Потом она увидела, что люди, которых на улицах становилось все больше, устремились в сторону тюрьмы. Вместе с ними, подхватив санки, побежала и она. На перекрестке с Достоевской толпа любопытных остановилась, увидев, что снизу, от мастерских и депо, навстречу ей движется многочисленная, запрудившая всю улицу толпа рабочих. В минуту, когда гудок ненадолго смолкал, можно было услышать отдельные выкрики, которые затем — из уст в уста — мгновенно разлетались по всему городу:

— К тюрьме, друзья, все — к тюрьме!

— Там убивают наших товарищей!

— Надзиратели устроили избиение политических заключенных!

— Долой драконов! Все к тюрьме! Все к тюрьме!

«Ну вот, предупреждал же нас Лаушкин!» — едва не закричала Варя, чувствуя, что вся холодеет. Еще неделю назад она слово в слово передала его донесение товарищам из комитета. Те кинулись к адвокатам, но что могут сделать адвокаты, когда власть и сила на другой стороне?

Колонна рабочих росла на глазах В нее со всех сторон вливались все новые и новые сотни встревоженных и негодующих горожан.

— К тюрьме, товарищи!

— Не позволим издеваться над нашими братьями!

— К губернатору!

Вскоре в этой колонне оказалась и она Ниночка на руках, санки где-то брошены, все внимание — тому, что делается вокруг.

С Достоевской навстречу этому взволнованному шествию выскочили два экипажа, сопровождаемые конными стражниками и казаками Не уступая дороги, демонстранты остановились. Встали и экипажи со своими сопровождающими. Что теперь будет?

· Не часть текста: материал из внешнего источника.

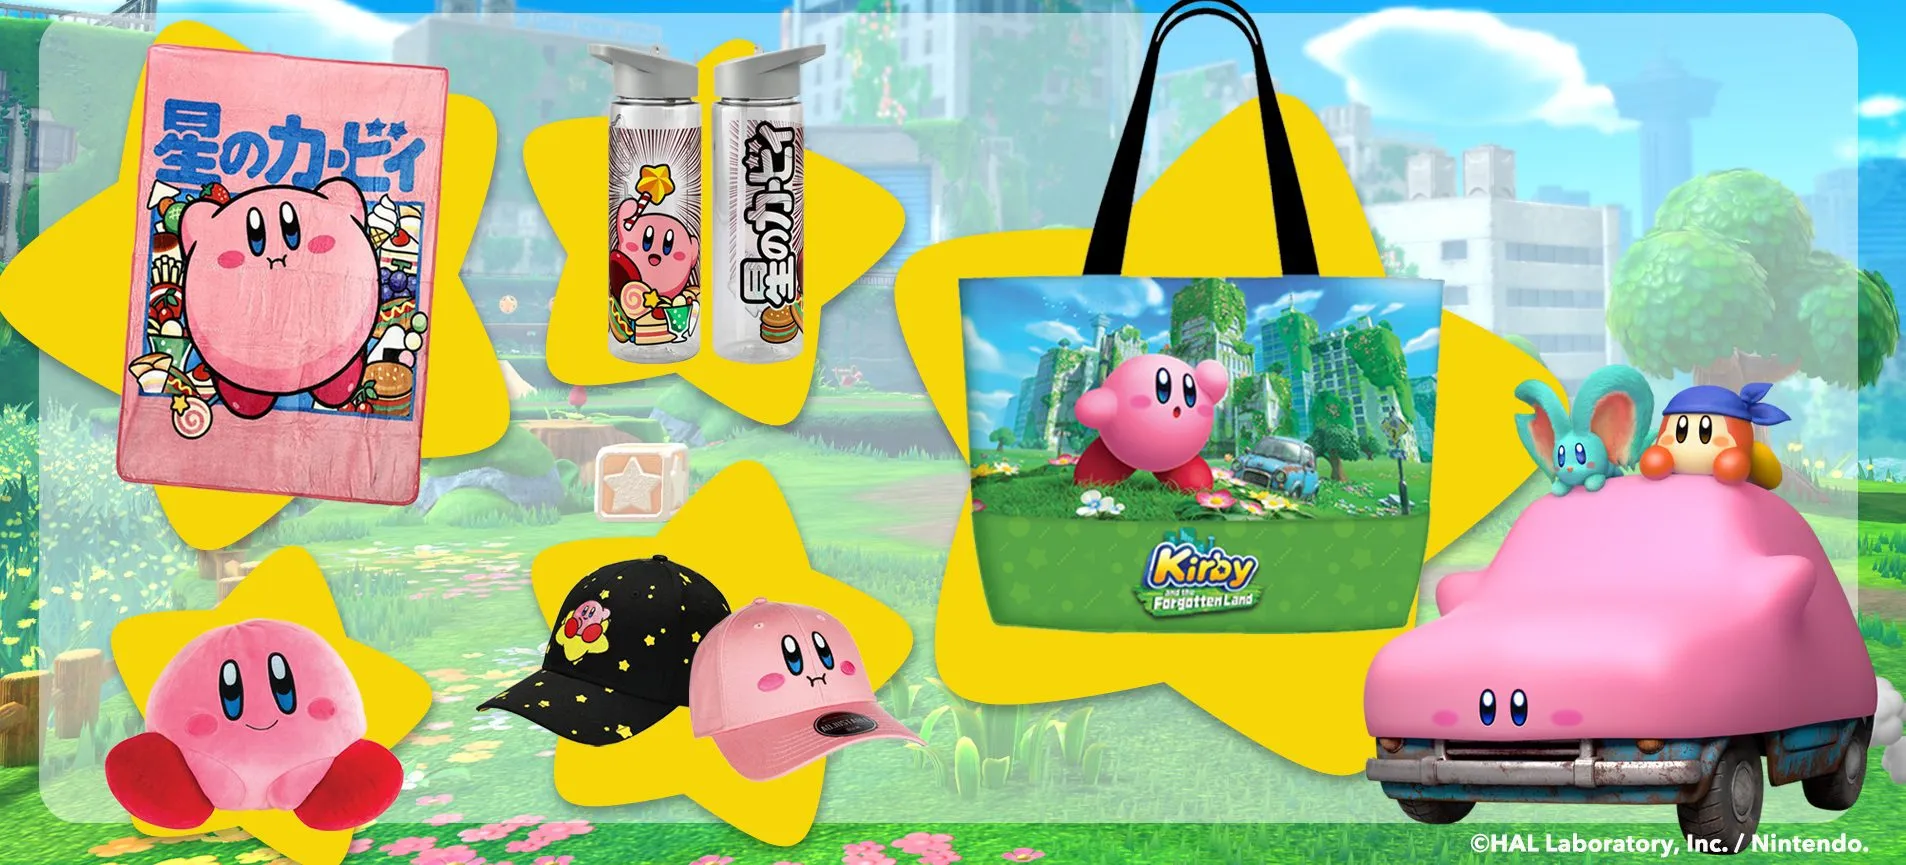 There's a My Nintendo Kirby contest with a really cute prize pack

Варе на миг представился расстрел рабочего собрания в декабре прошлого года. Тогда, как и сейчас, на это собрание сошелся чуть ли не весь город. В них стреляли Вокруг было много раненых. Вместе с Инной Кадомцевой и другими женщинами она выносила их из-под огня и, разрывая на бинты нижнюю юбку, перевязывала. Одному подростку пуля пробила шею. Кровь лилась из нее ручьем, и ее никак не удавалось остановить. Она истратила на него весь запас своих бинтов, вся извозилась в этой крови, а она все лилась и лилась. Эта кровь и этот подросток с тех пор часто снятся ей по ночам.

Крепко прижав к себе испуганно притихшую дочь, Варя вся подалась вперед. Не помня себя, закричала:

— Не смейте! Не смейте стрелять! На вас и без того слишком много крови!

— Не смейте! Не смейте! — поддержали ее голоса в толпе. — Не смейте издеваться над рабочим людом! К тюрьме, товарищи, к тюрьме! — И снова все смешалось в сплошном грозном гуле.

В переднем экипаже находился прокурор окружного суда Поднявшись со своего мягкого сиденья, он вскинул над головой руку и потребовал тишины.

— Господа рабочие и горожане! Факт, столь встревоживший вас, нам уже известен. Оповещен о случившемся также его превосходительство господин губернатор. Мы заверяем вас, что приложим все силы к скорейшему справедливому разбирательству и наведению в тюрьме надлежащего порядка.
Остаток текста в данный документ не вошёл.